Dataset extract

◇ ◇ ◇ ◇ ◇ ◇ ◇

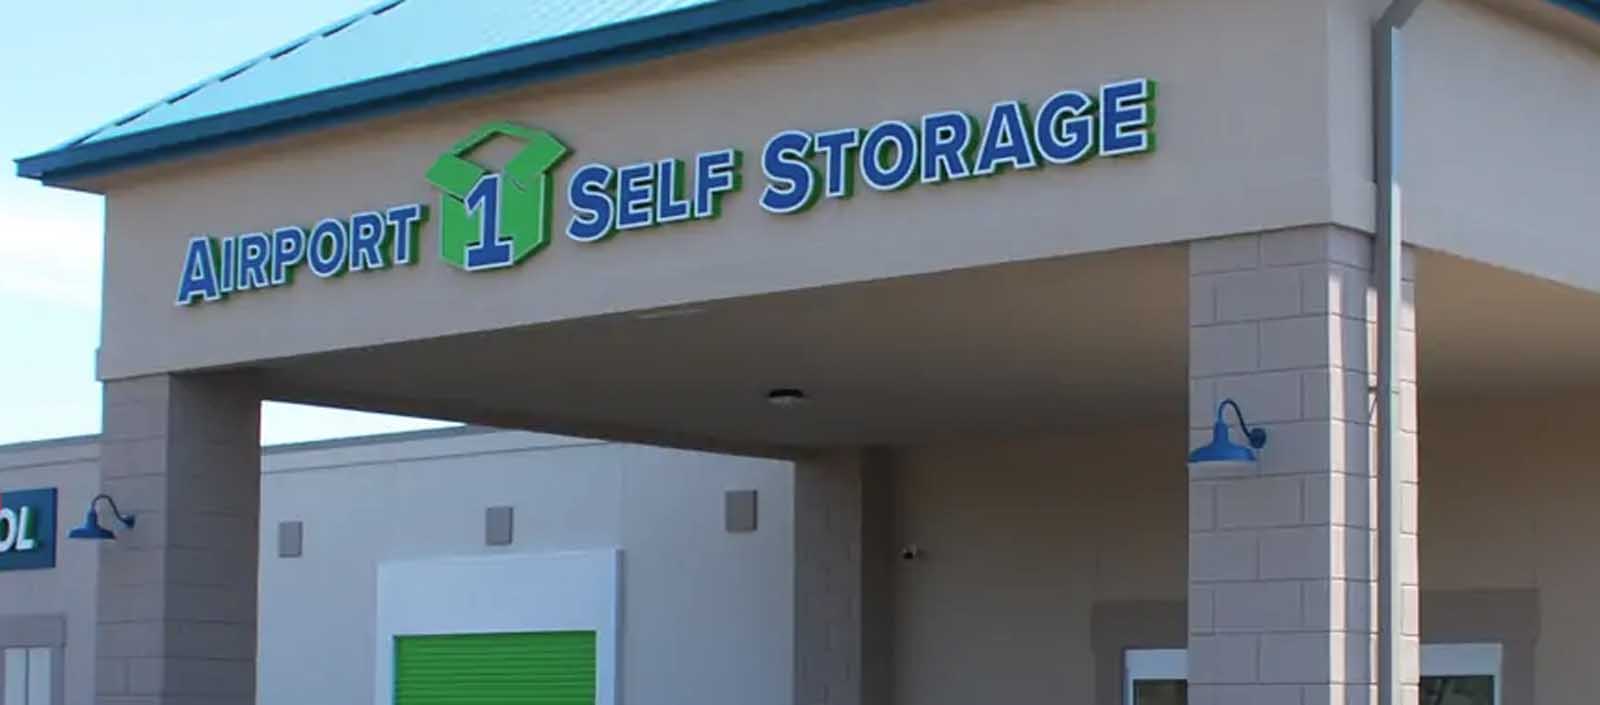 Airport 1 Self Storage Holds Grand Opening Event For Addition
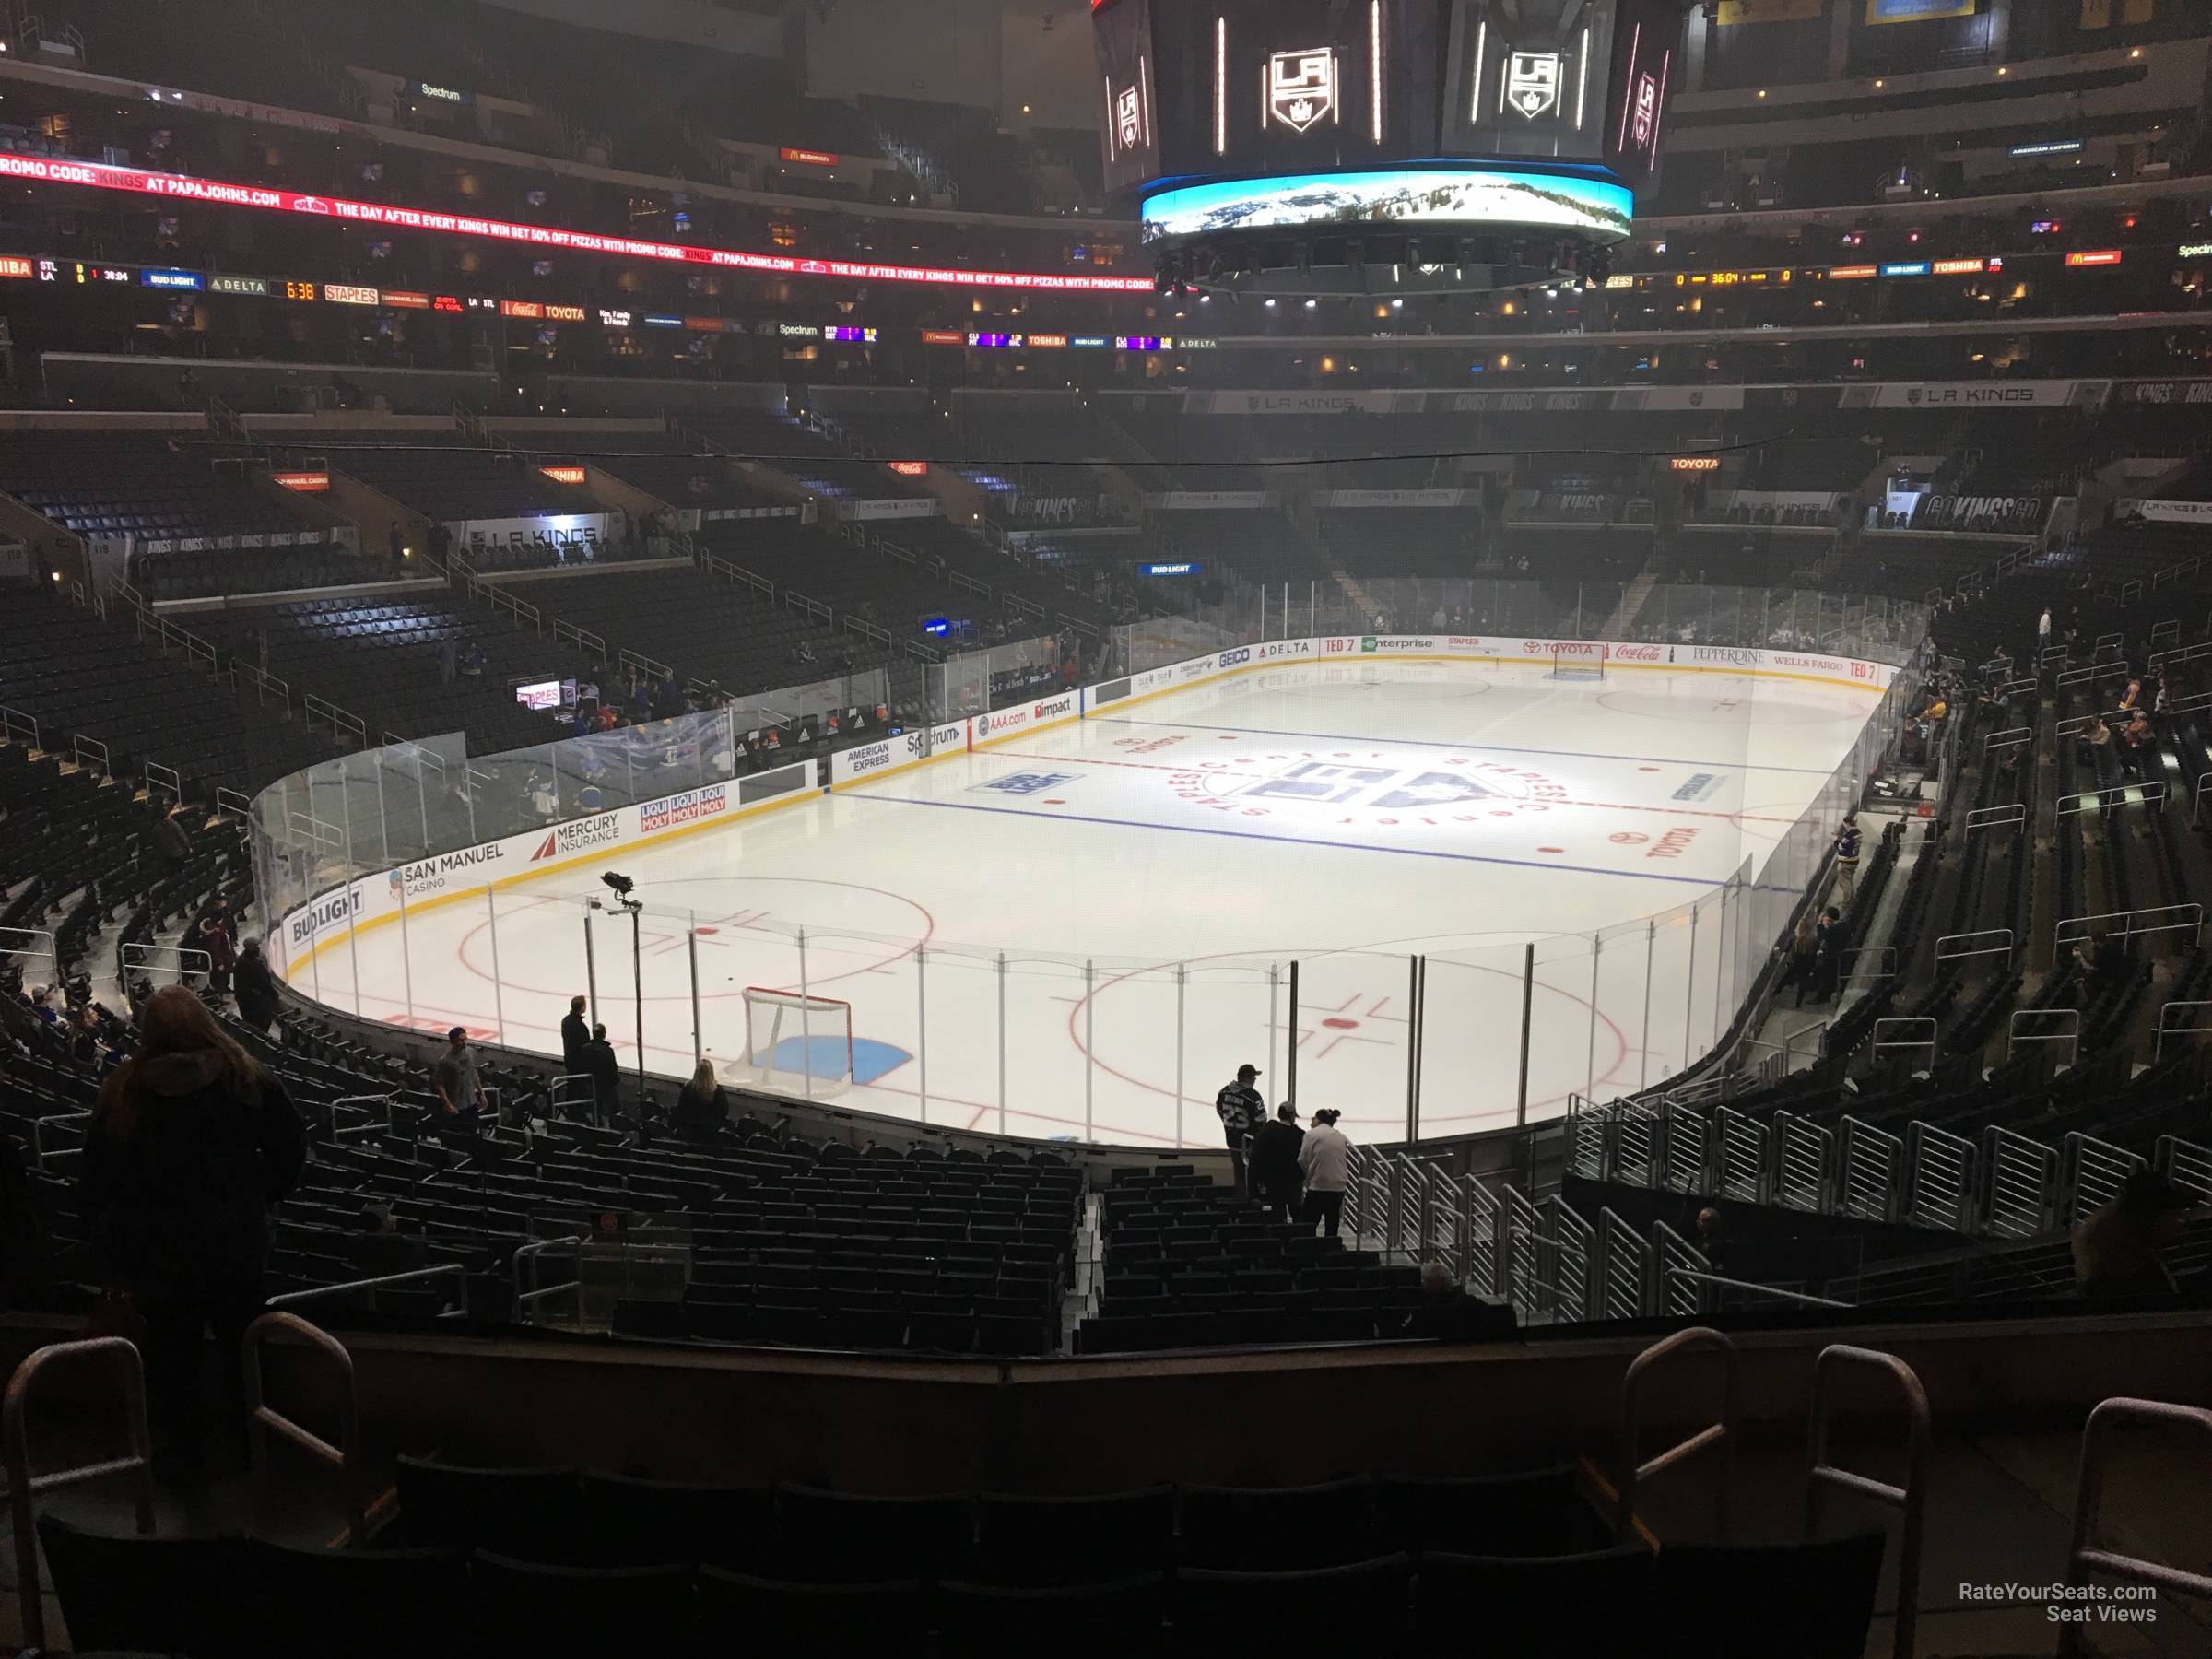 section 215, row 6 seat view  for hockey - crypto.com arena
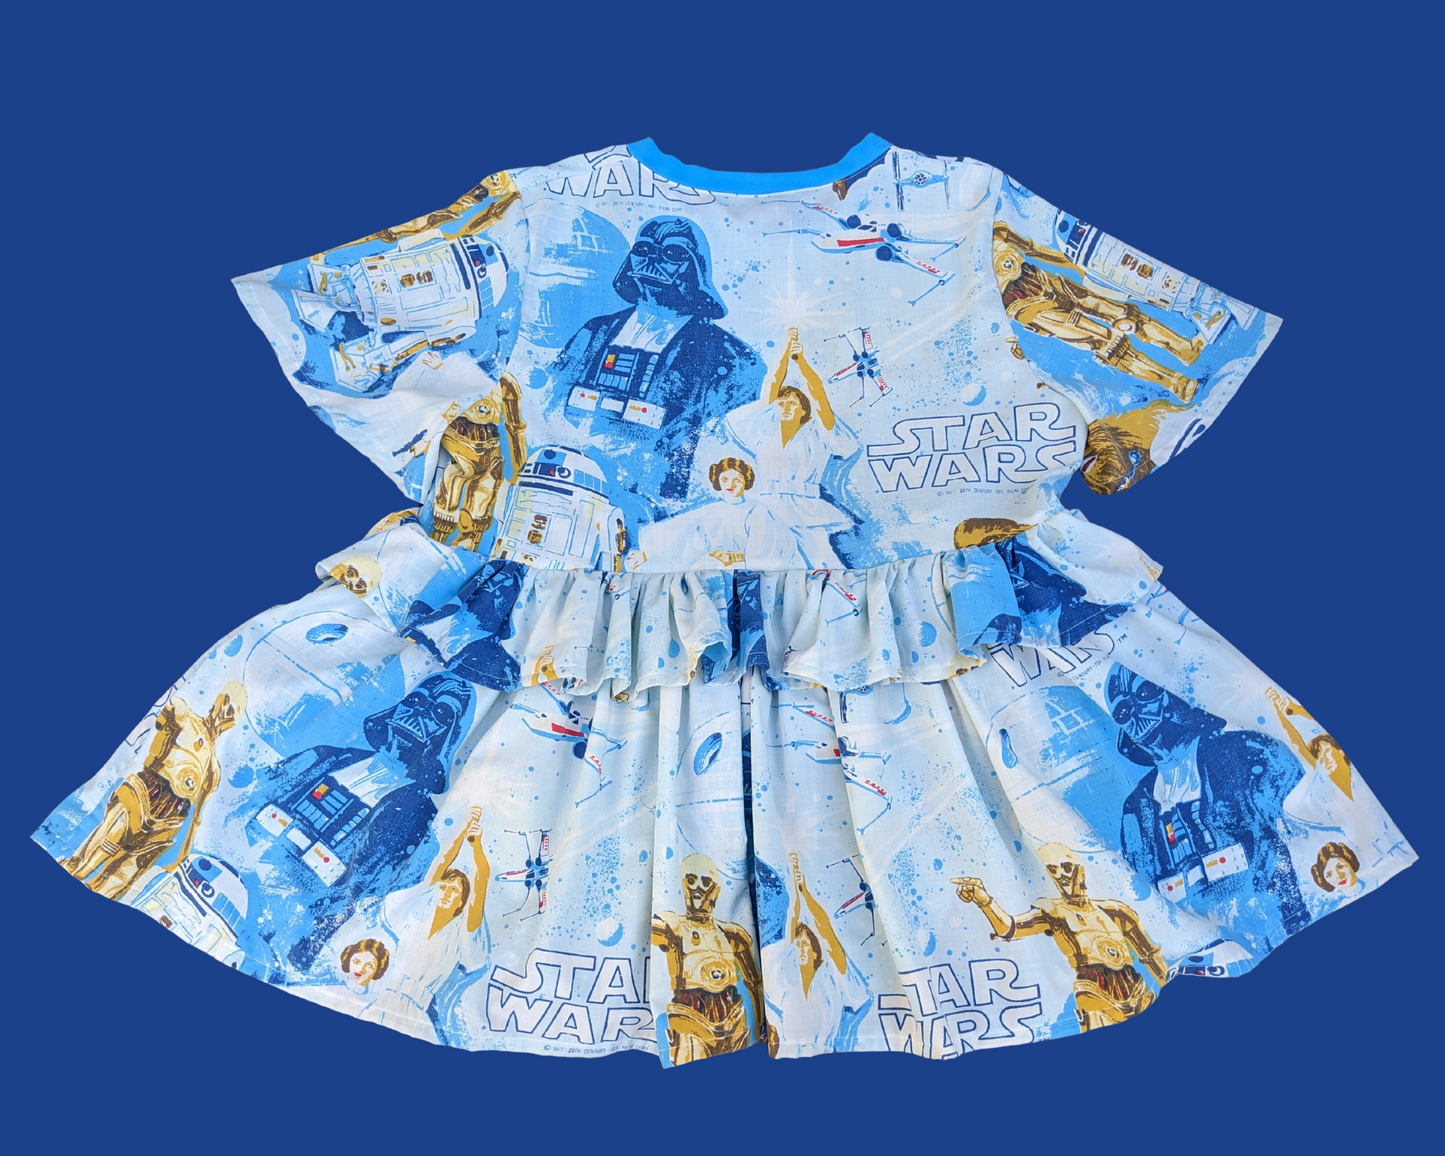 Handmade, Upcycled Vintage 1977 Star Wars, A New Hope Bedsheet Dress with Matching Detachable Collar Size 3XL

◇ ◇ ◇ ◇ ◇ ◇ ◇

From the first line to the last, retype the data exactly, without images.

 Airport 1 Self Storage Holds Grand Opening Event For Addition
 section 215, row 6 seat view  for hockey - crypto.com arena
 Handmade, Upcycled Vintage 1977 Star Wars, A New Hope Bedsheet Dress with Matching Detachable Collar Size 3XL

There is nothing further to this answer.